Oh what a difference a month makes. I first made these Chica cookies in April. About a month ago, I had another request and it was a bit of a disaster. I had major problems with the icing and things went down hill fast. This set of Chicas was a success.
I don't have a Chica cookie cutter - man I wish I did! I hand-cut these cookies. I used this coloring book page as my template. I started by outlining the cookie with black icing. When the black icing had dried, I filled in the yellow face and red head feather. I allowed those two sections to dry overnight. The next day I added eyebrows and eyelashes. Then I adhered the royal icing eye I had made ahead of time. I had such trouble with putting the eyes on the wet icing last time. This time I waited and adhered them to dry icing to prevent bleeding. I piped the black outline for the beak and allowed it time to dry. I filled in the beak with a lighter yellow icing. The final touch was to add the black section of the mouth with a red tongue.

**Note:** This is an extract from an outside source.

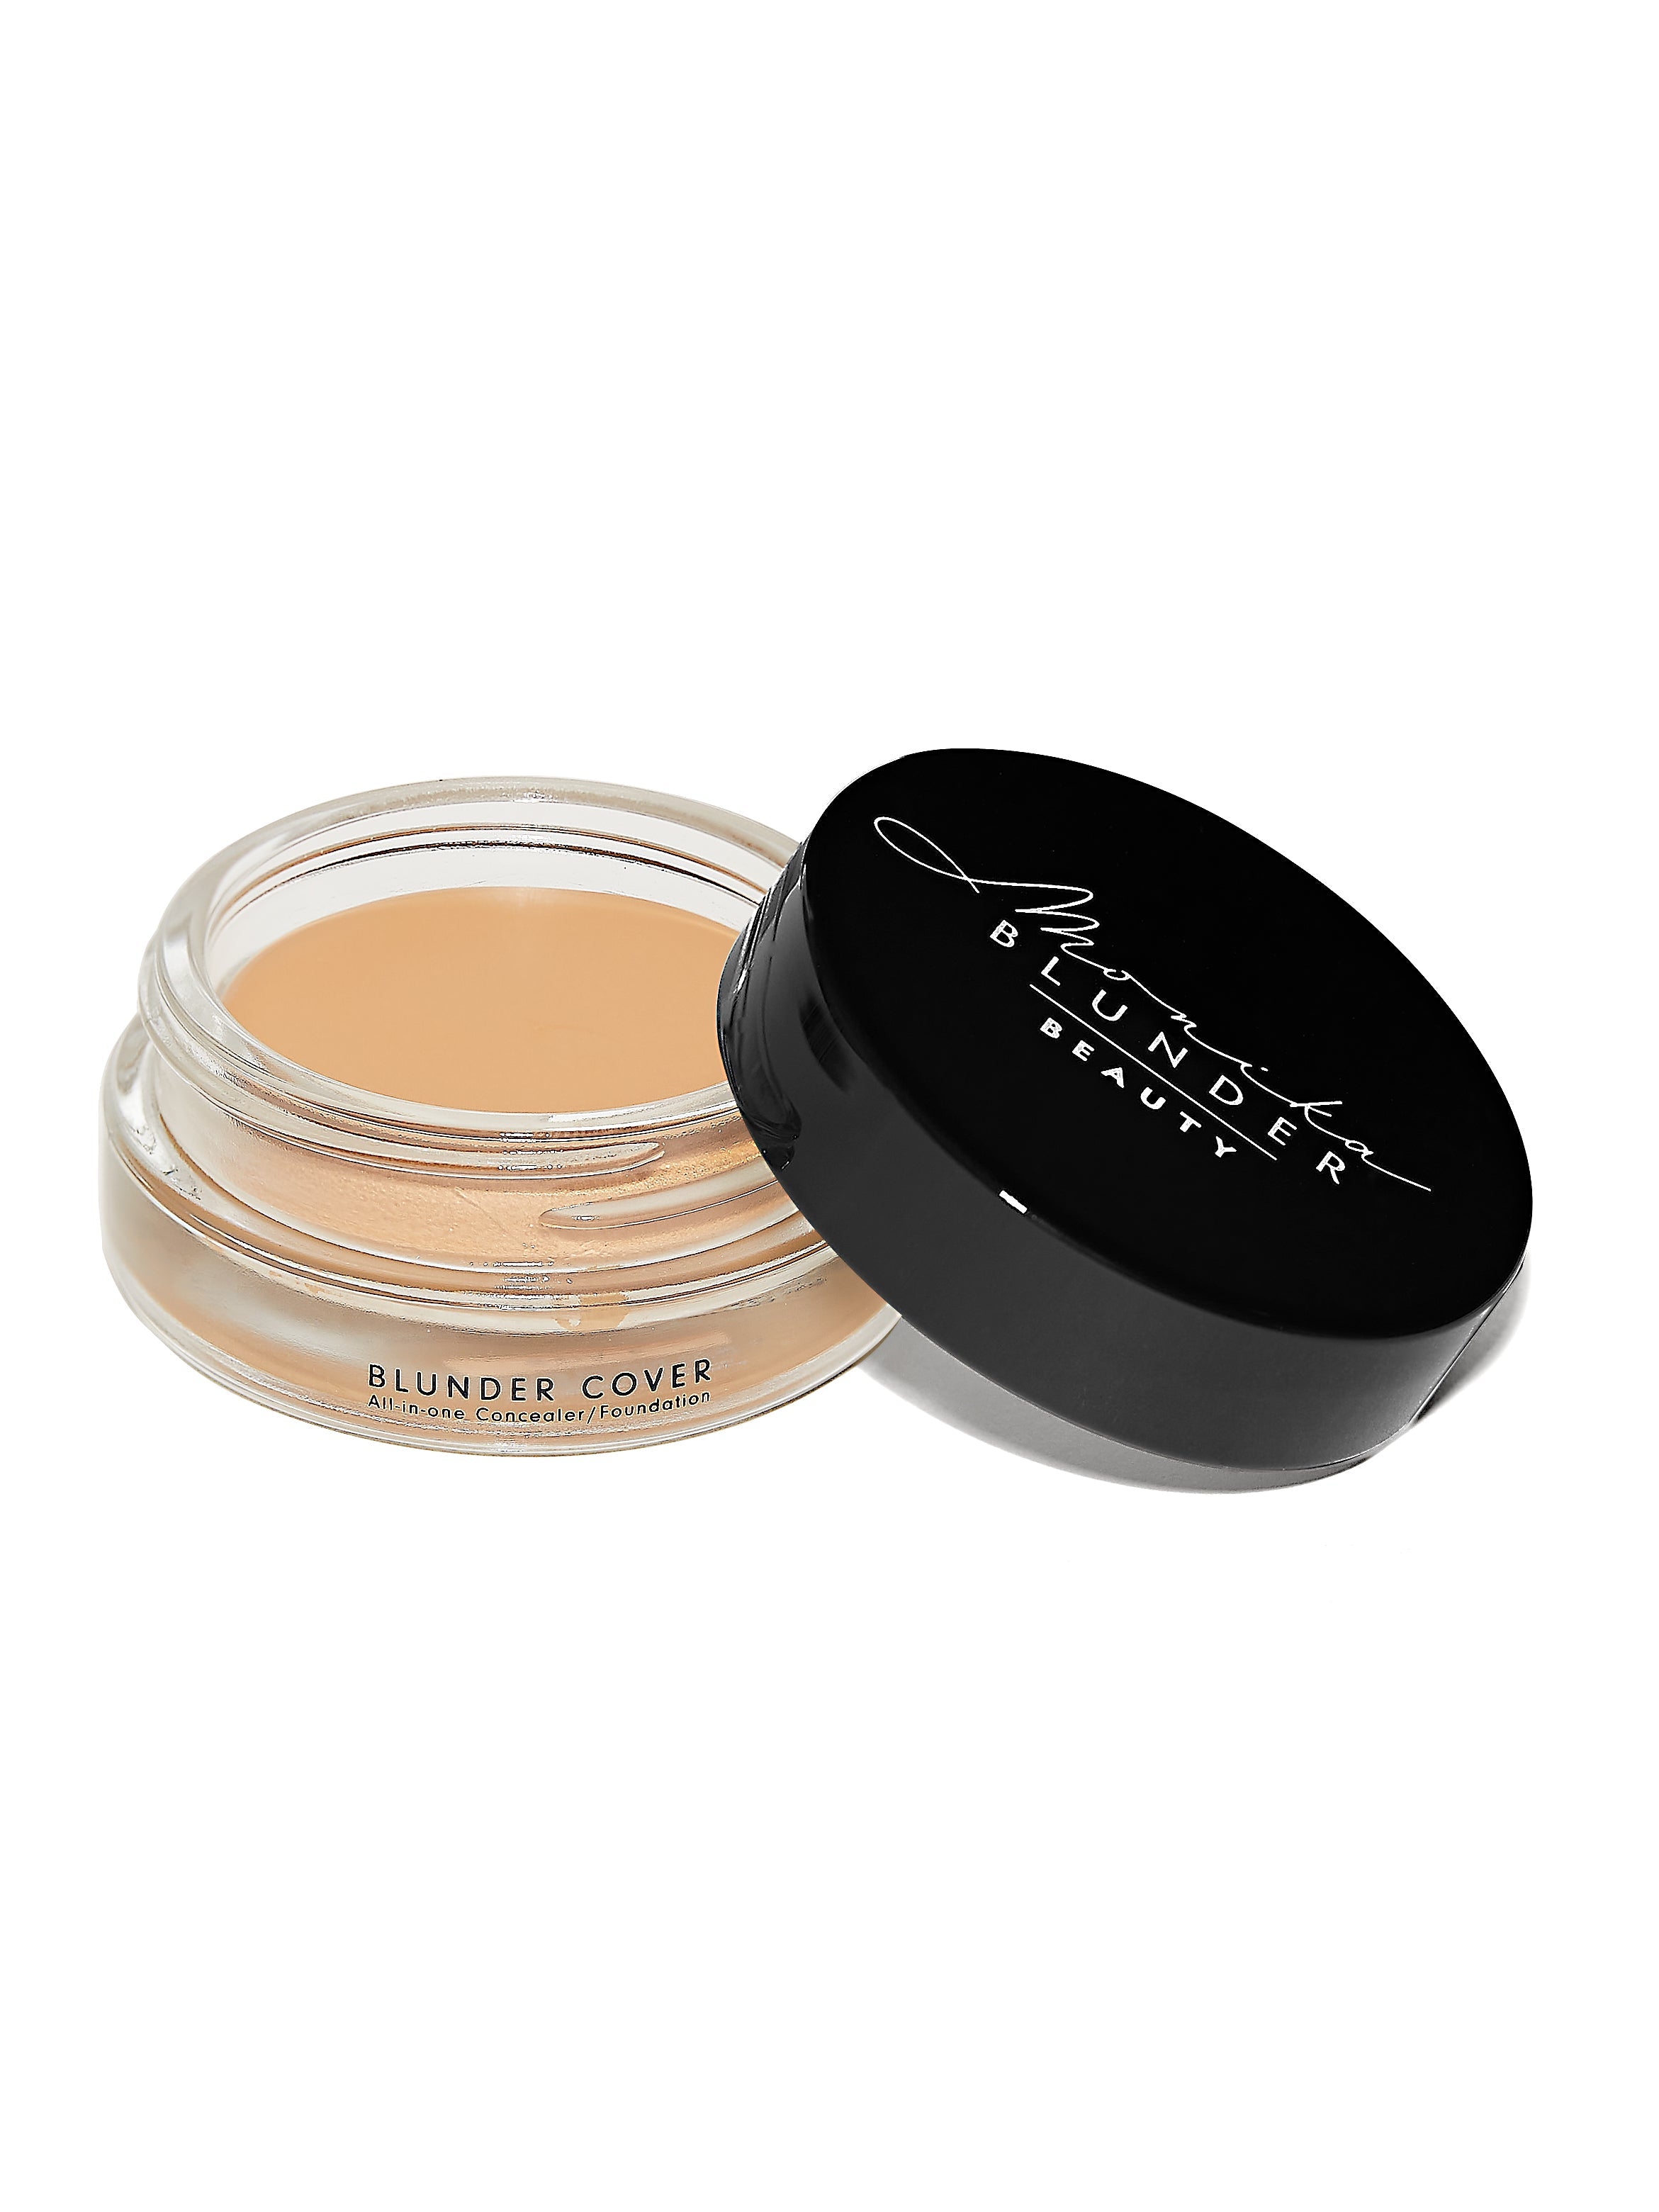 Blunder Cover an All-In-One Foundation/Concealer Shade-Vier - 0

The barn cookie cutter is from here. I started off by drawing on where I wanted the roof to be with a food coloring maker (shown in photo). Then I piped and flooded the red section of the barn. I allowed that to dry for 24 hours, I did not want to take the chance of having the red bleed into the white roof. With the red fully dried, I added the white roof. I piped on the white door and added a black rectangular window. Once the window had dried, I took yellow icing and made a squiggly line for the hay. I covered the wet yellow icing with sanding sugar as the final touch.
For the number "1" cookie, I used my cutter from here. I started by piping and flooding it with yellow icing. Then I used this stencil to create the gingham plaid look. I used red Wilton's Color Mist. I used my new stencil genie from here and it works out pretty handy. I placed the stencil with the lines on a diagonal and sprayed it. Then I rotated the stencil so the lines criss-crossed and sprayed again. I piped a red board line on the cookie to finish it off.